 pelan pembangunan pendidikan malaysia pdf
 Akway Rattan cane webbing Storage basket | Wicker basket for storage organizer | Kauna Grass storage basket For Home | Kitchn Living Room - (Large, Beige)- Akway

####

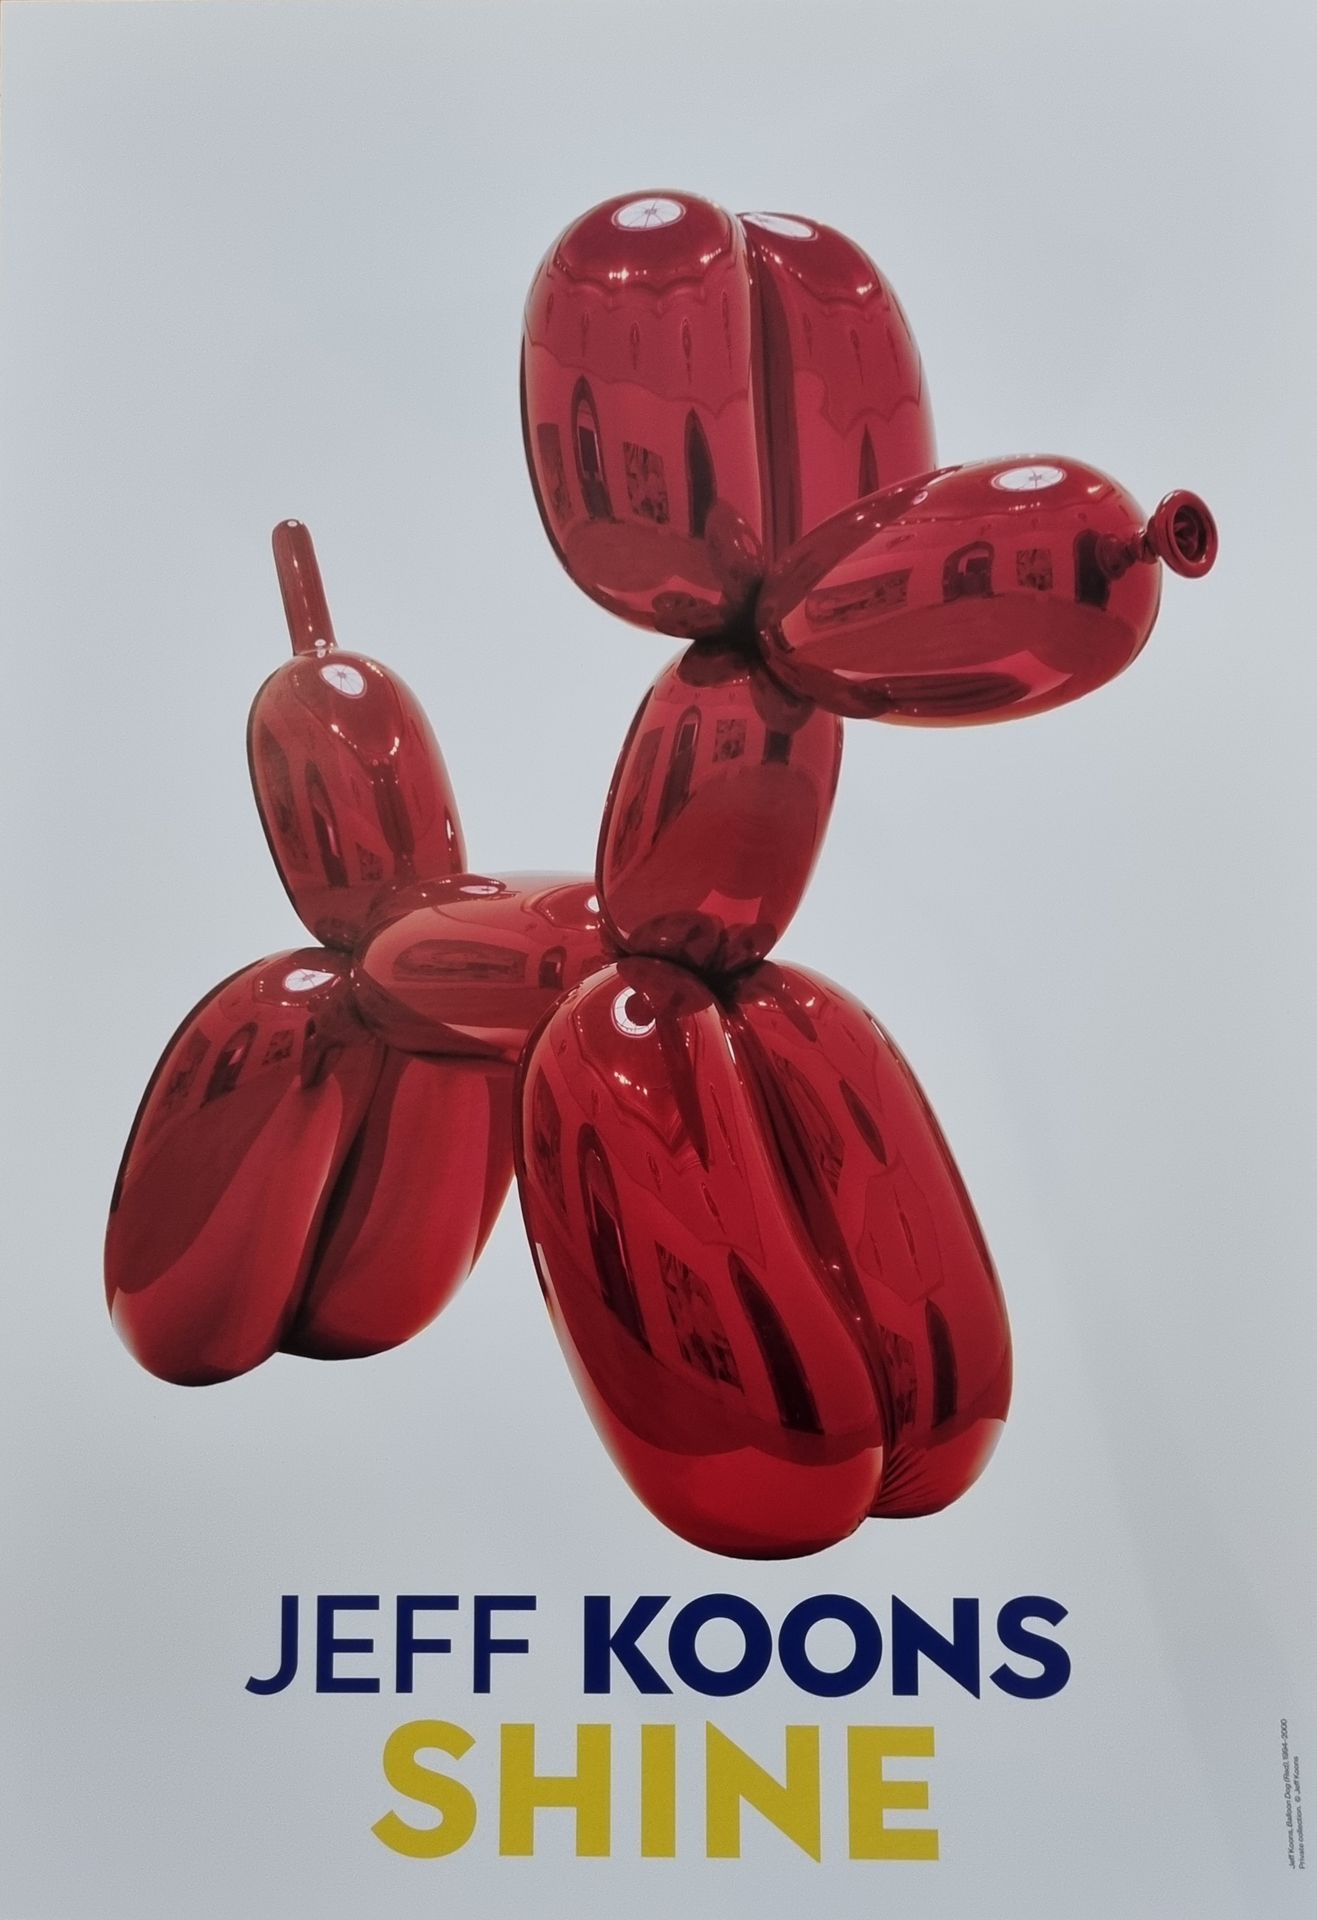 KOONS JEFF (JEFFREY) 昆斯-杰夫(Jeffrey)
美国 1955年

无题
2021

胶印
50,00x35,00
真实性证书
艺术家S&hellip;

####

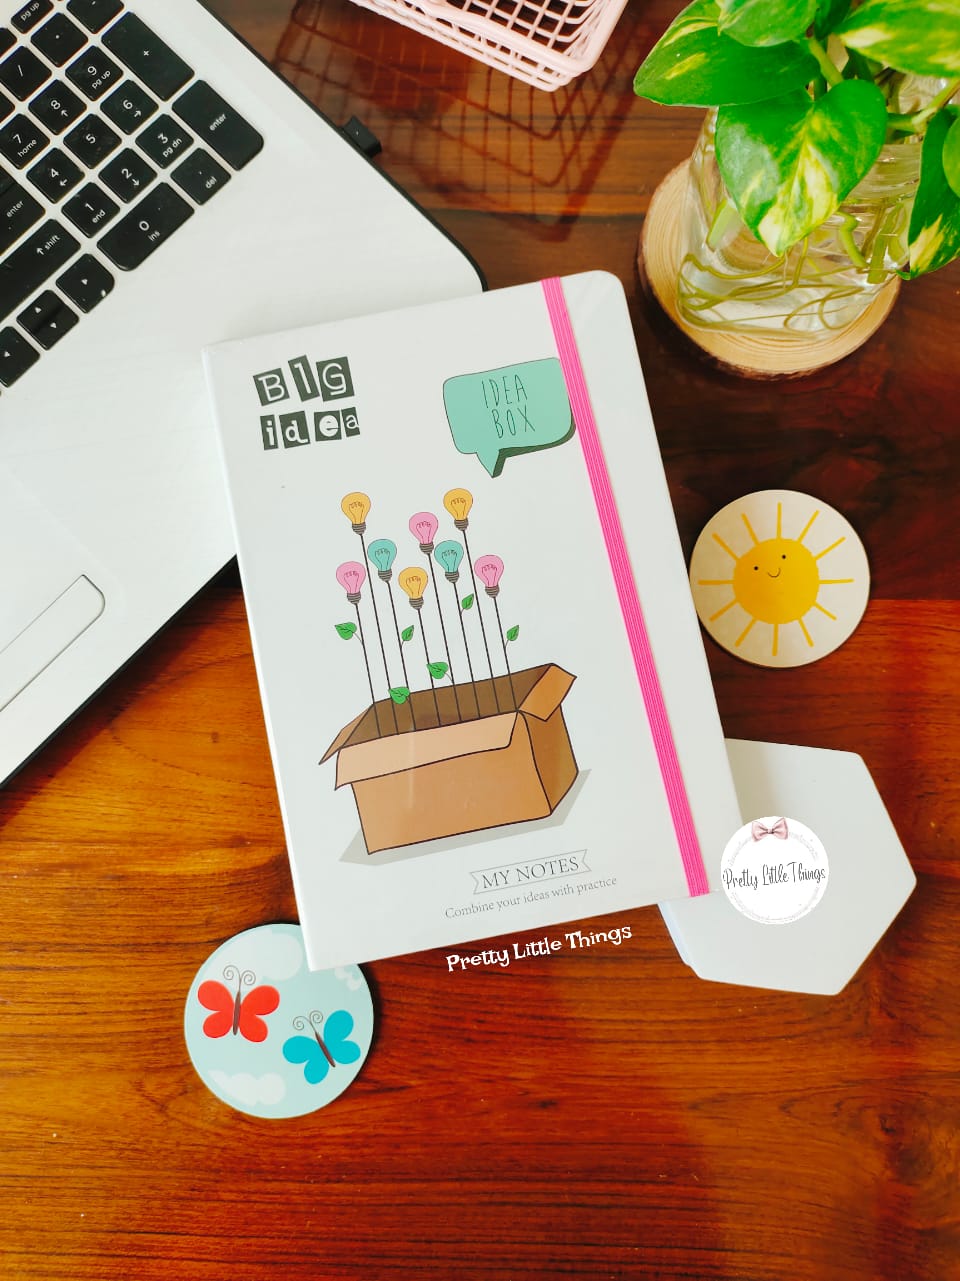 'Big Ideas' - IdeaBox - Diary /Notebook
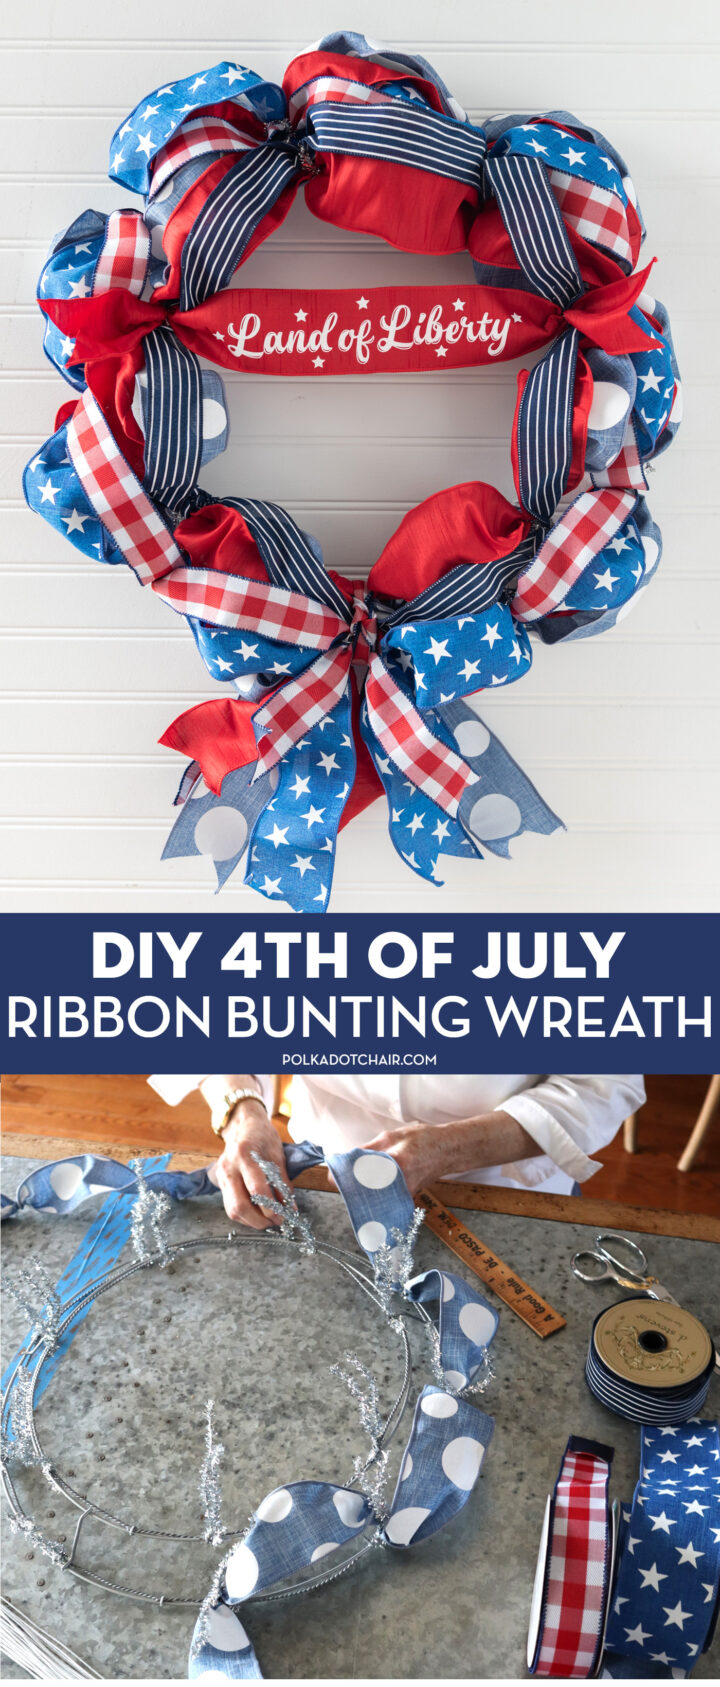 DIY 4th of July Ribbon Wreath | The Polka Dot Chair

####

**AIM OF THE TASK**:
Using the records above, restate word for word the lines from the one with "pelan pembangunan pendidikan malaysia pdf" through the one with "Akway Rattan cane", both included.

**FINISHED EXERCISE**:
 pelan pembangunan pendidikan malaysia pdf
 Akway Rattan cane webbing Storage basket | Wicker basket for storage organizer | Kauna Grass storage basket For Home | Kitchn Living Room - (Large, Beige)- Akway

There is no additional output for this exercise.